1558 | London

Choose Wisely

William Bullein sees water’s grossness and salubriousness.

Water is one of the four elements, lighter than earth, heavier than fire and air.

But this water which is here among us in rivers, ponds, springs, floods, and seas be no pure waters, for they be mingled with sundry airs, corruptions, grossness, and saltiness, notwithstanding in all our meats and drinks, water is used, and among all living creatures cannot be forborne, among man, beast, fish, foul, herb, and grass. And as Avicenna said, clay water is pure, for clay cleans the water and is better than water that runs over gravel, or stones, so that it be pure clay, void of corruption.
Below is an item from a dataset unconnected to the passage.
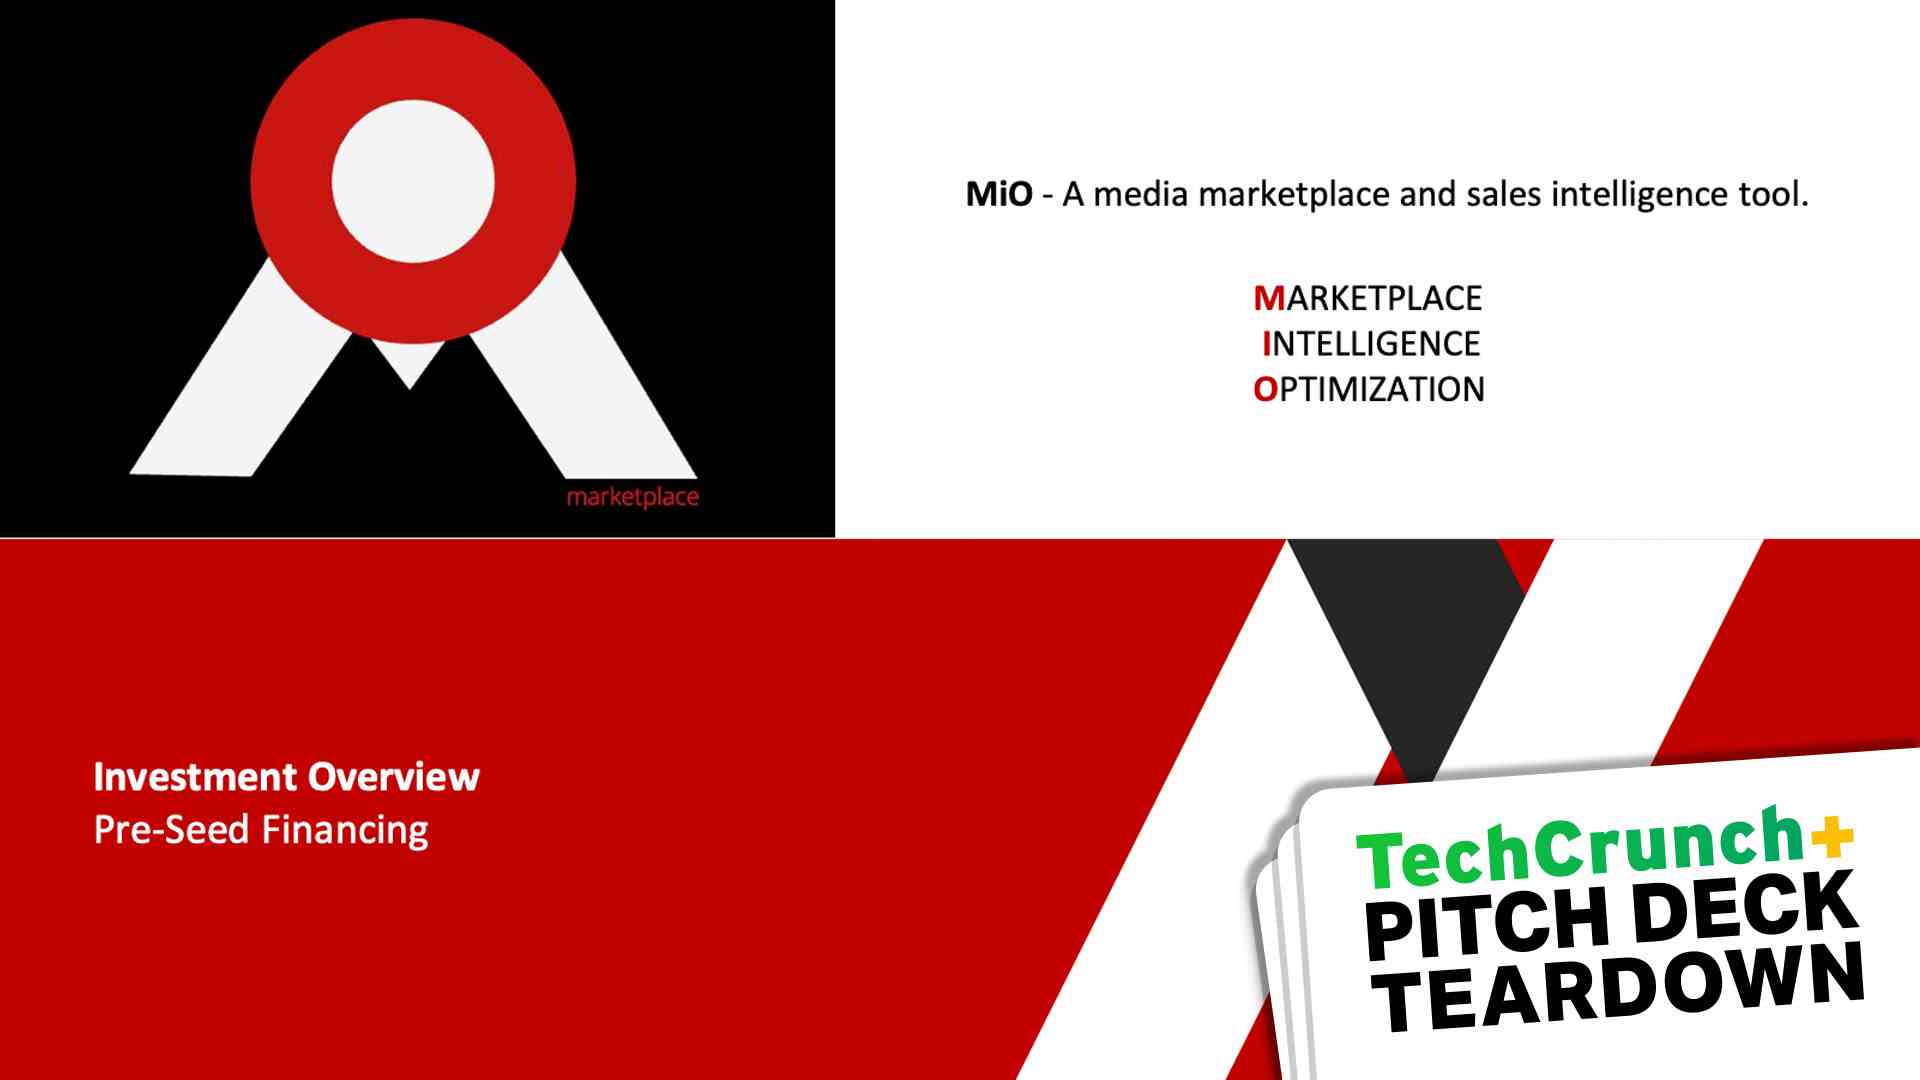 MiO – Ein Media-Marktplatz und Sales-Intelligence-Tool.  OPTIMIERUNG DER MARKTPLATZINTELLIGENZ

Also, waters running toward the east be pure, coming out of hard stone rocks, and a pint of that water is lighter than a pint of the standing water of wells or pools. The lighter the water, the better it is. Also, water that is put in wine, etc., ought first to be sodden [boiled] so the fire does cleanse it from corruption. Standing waters, and water running near unto cities and towns, or marsh ground, woods, and fens be ever full of corruption because there is so much filth in them of carrions and rotten dung, etc. Ice and snow waters be very gross and be hurtful to the bodies of men and beasts. To drink cold water is evil, for it will stop the body and engender melancholy. Salt water helps a man from scabs, itch, and moist humors, it kills lice, and wastes blood between the skin and the flesh, but it is most hurtful to the stomach, but the vapor and smoke of it is good for them that have the dropsy.


William Bullein

From The Government of Health. Born on the Isle of Ely around 1515 to a family that may have been related to Anne Boleyn, Bullein began practicing as a physician in 1554 after resigning a rectorship due to his fervent Protestantism. He dedicated this medical text to his patron, Baron Thomas Hilton, in a note attacking those who slander physicians as poisoners. Shortly after the book’s publication, Hilton died. Bullein married the baron’s widow; he was promptly accused of poisoning his former benefactor.